I'd like to play guitar again. Since I'm out of amps, I'd like to plug it into the computer.
Among you, does anyone do that? Is it possible to use VST effects and if so, how?
In brief, what is the state of MAO on FreeBSD?

Thanks.


----------



## nickednamed (Nov 3, 2017)

I don't play guitar, but I think you might like to look into something like this, this, this, or this.

You can also pick up a second-hand USB audio interface pretty cheap on ebay, and give it a try.

I know people who have used them to play / record guitar on on BSD / Linux, and they are satisfied.

As for VST, I haven't tried. I think it is possible via programs like audio/ardour5, but I haven't tested it.


----------



## pboehmer (Nov 3, 2017)

I don't play either, but somehow ended up with a guitar some years ago and messed around with it.  I just used a 1/4in to 3.5mm adapter and plugged directly into the on-board sound card line-in or mic (honestly do not remember).  Was able to use a tuning and effects ports.  I don't believe either of the ports I had used back then are there anymore, but audio/gnuitar and audio/gtkguitune are probably good candidates.  Take things even further and use audio/jack along with audio/hydrogen.


----------



## ekingston (Nov 3, 2017)

pboehmer said:


> I don't play either, but somehow ended up with a guitar some years ago and messed around with it.  *I just used a 1/4in to 3.5mm adapter and plugged directly into the on-board sound card line-in or mic* (honestly do not remember). ...

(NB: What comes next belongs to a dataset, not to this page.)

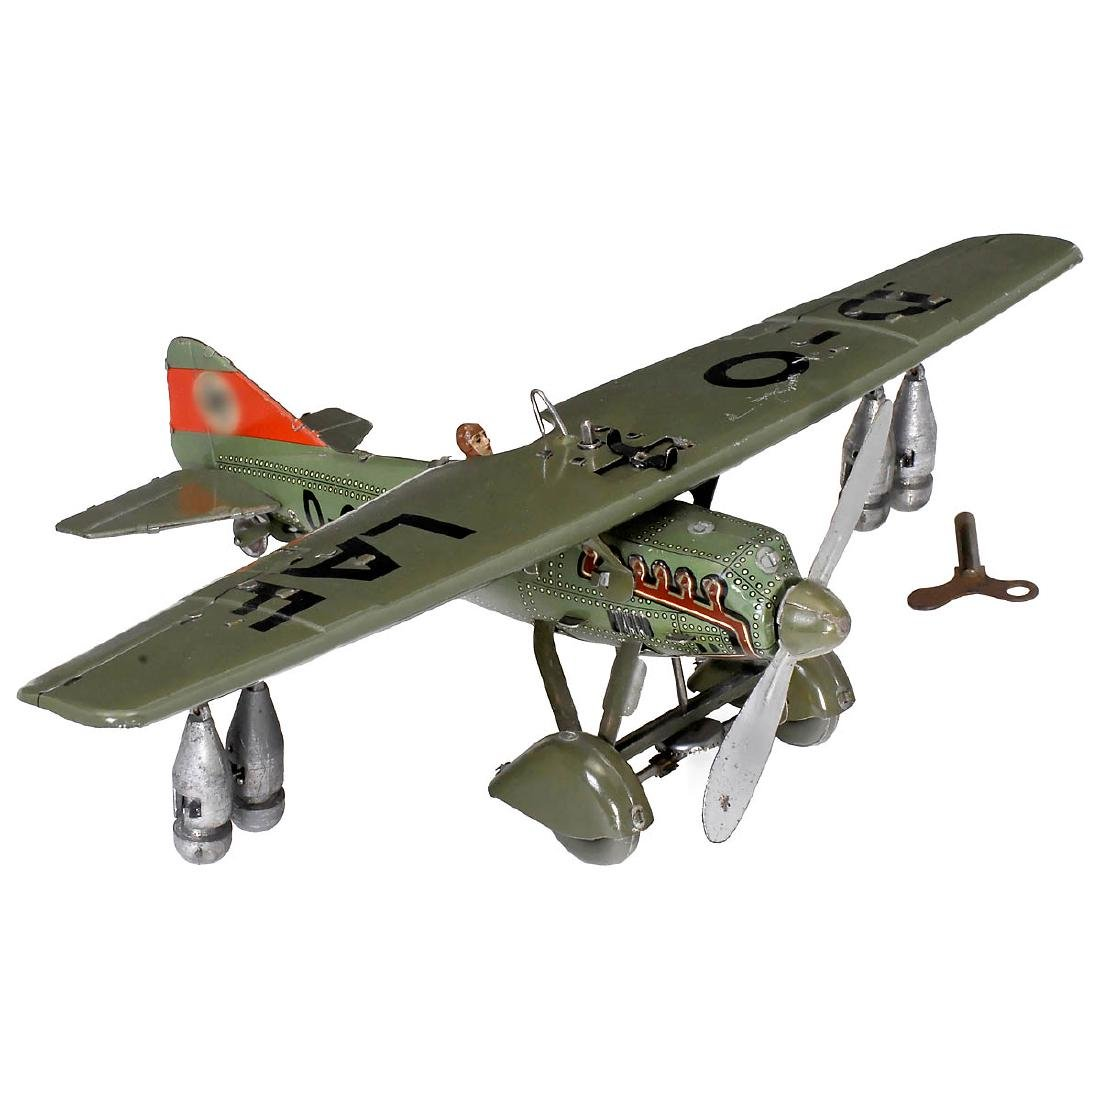 Tippco D-Olaf Bomber Airplane, c. 1938

While plugging an electric guitar directly into the line-in/mic will work (most of the time). It is risky. The line-in has a maximum safe power rating. Electric guitars do not have any sort of limiter on the maximum power they can produce (it depends on how violently you pluck/strum). You can burn out the input (and the sound processing chips) on the computer with your guitar.

I do have a guitar. I do plug it into my computer. I use my Apple iMac, so I can't really add much else to this conversation. I suggest you look at something specifically intended as a guitar input. Personally, I use an older iRig device. Please do not consider either of these links as recommendations that they will work with FreeBSD, I haven't tested either one.


----------



## bart (Nov 4, 2017)

Hi,
Thank you for your answers.

I have a sound card (M-Audio delta 66) where I can plug my guitar (Was nice on windows some years ago).

By ricochet on some links, I have found Guitarix which needs a port. I will also try to port it.


----------



## bart (Jan 14, 2018)

Well... I seen that snd_envy24 have no support for recording 
Using audio from my motherboard (Realtek ALC892 (Rear Analog 7.1/2.0) chipset) is OK.


----------